--- Problem requirements ---
Skip every image and restate the data word for word.
--- Material provided Enclosed Below ---
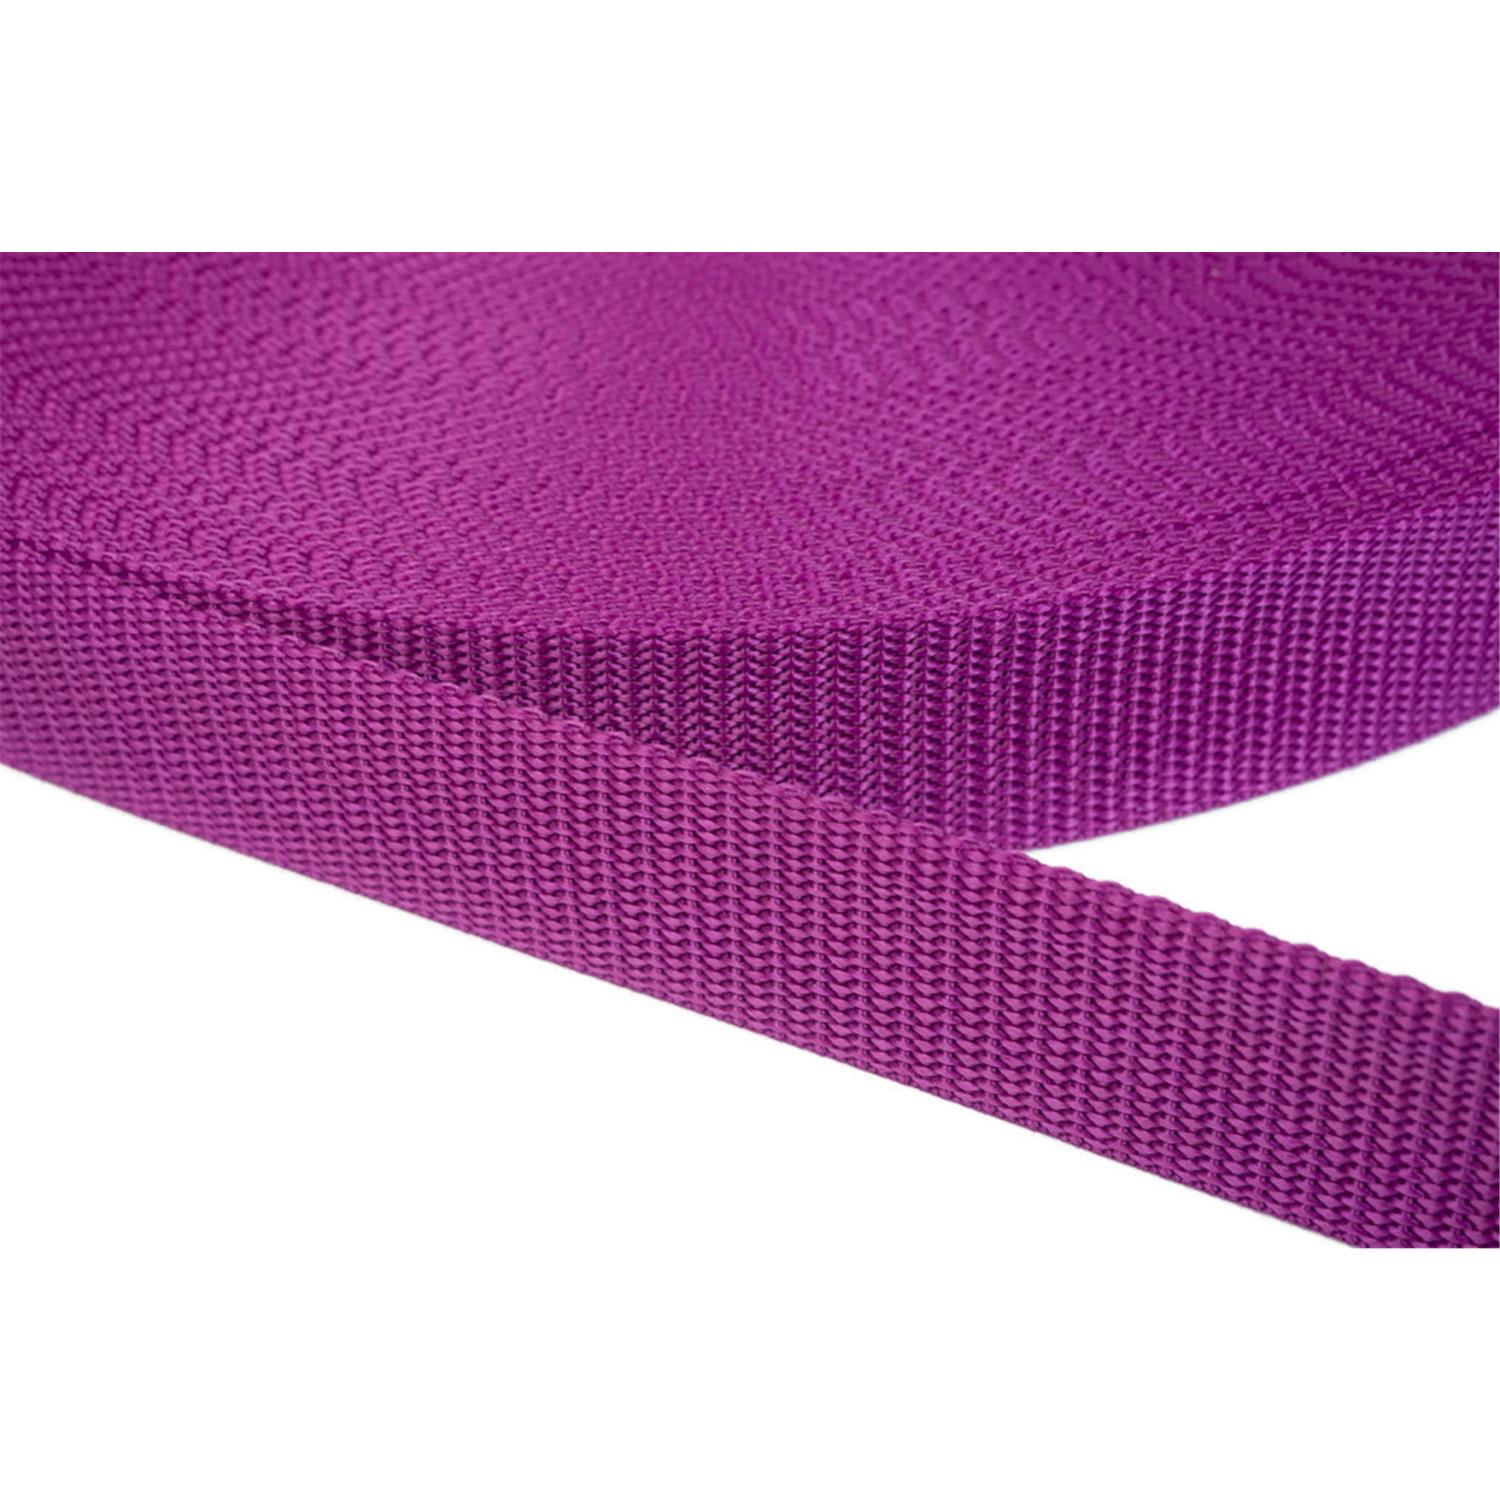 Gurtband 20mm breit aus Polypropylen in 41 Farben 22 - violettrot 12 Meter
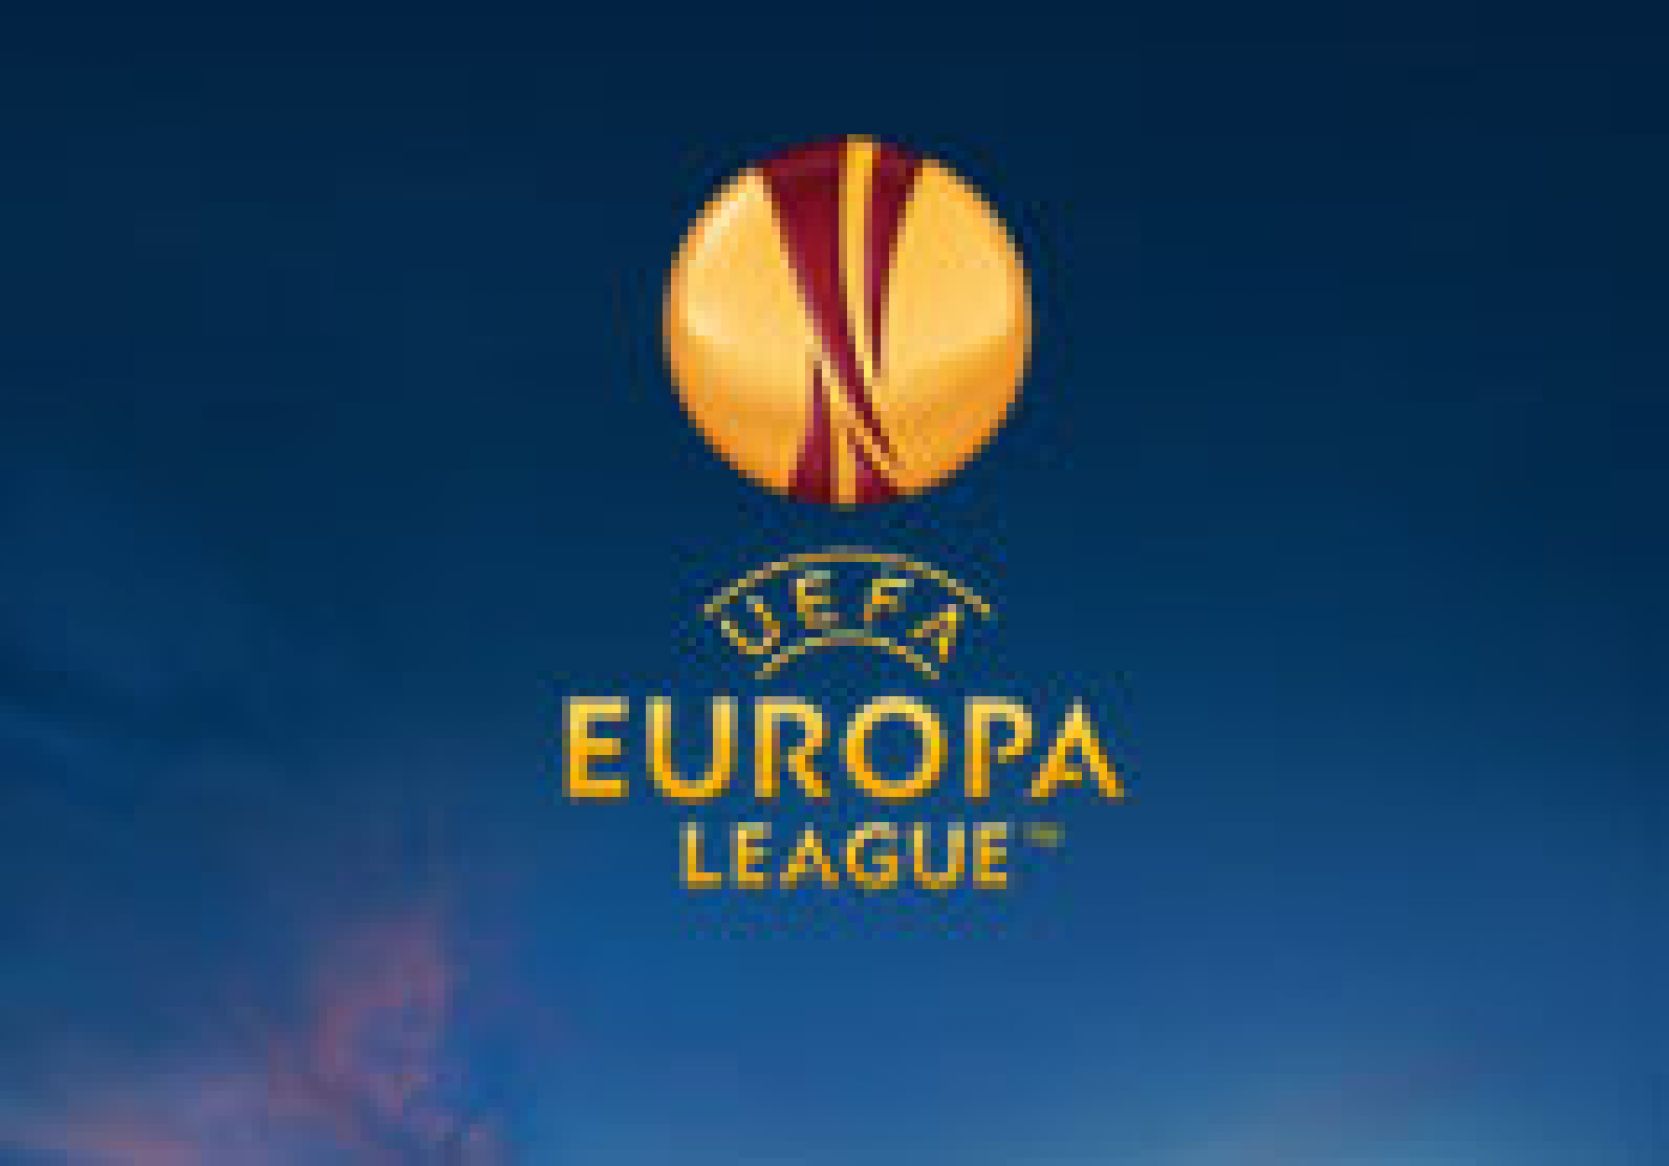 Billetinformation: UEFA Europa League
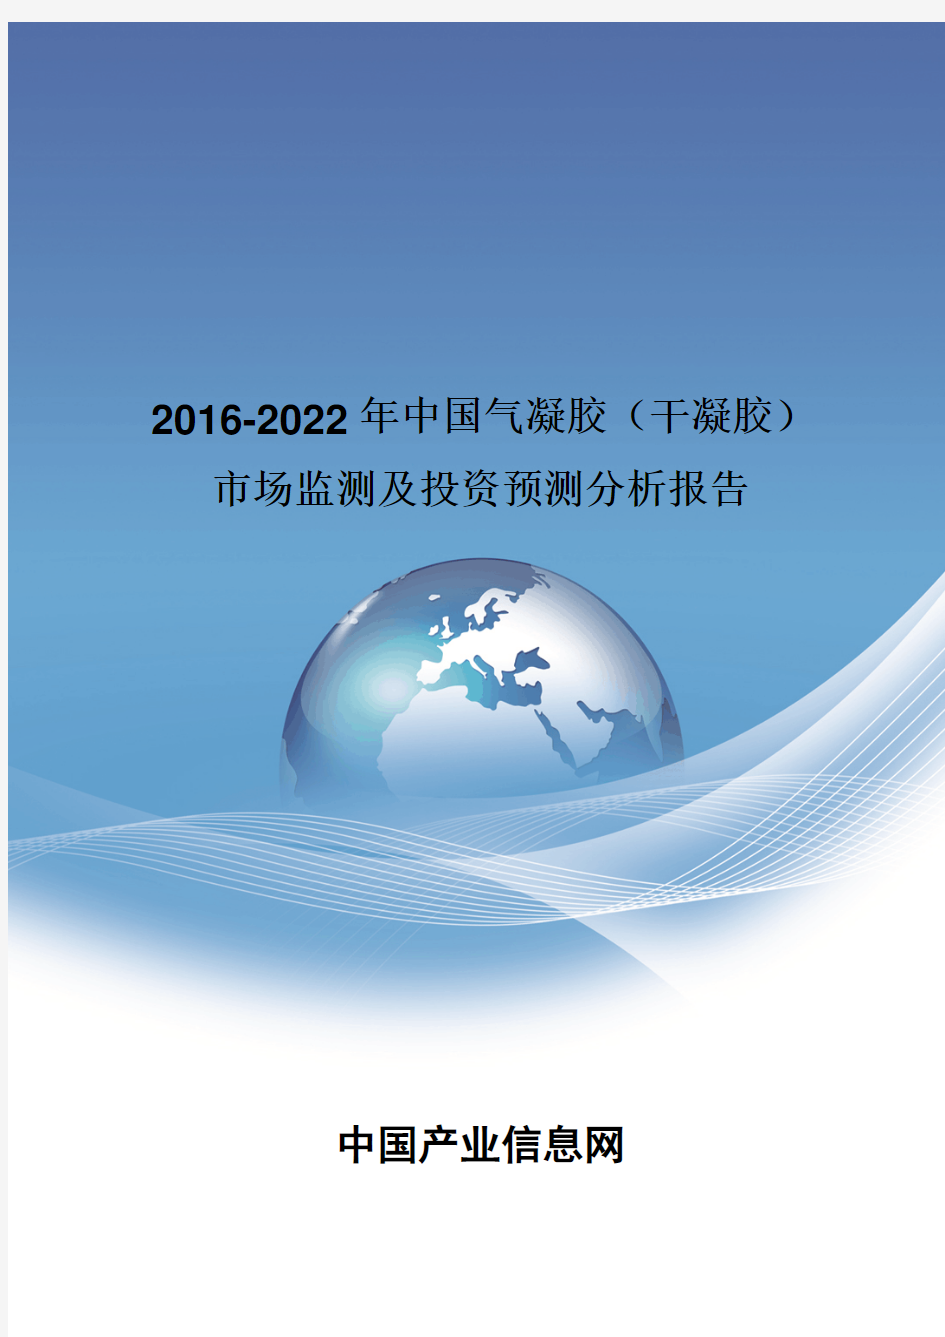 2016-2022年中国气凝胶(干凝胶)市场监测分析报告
--- End of Enclosed Material provided ---
--- Exercise output ---
 Gurtband 20mm breit aus Polypropylen in 41 Farben 22 - violettrot 12 Meter
 Billetinformation: UEFA Europa League
 2016-2022年中国气凝胶(干凝胶)市场监测分析报告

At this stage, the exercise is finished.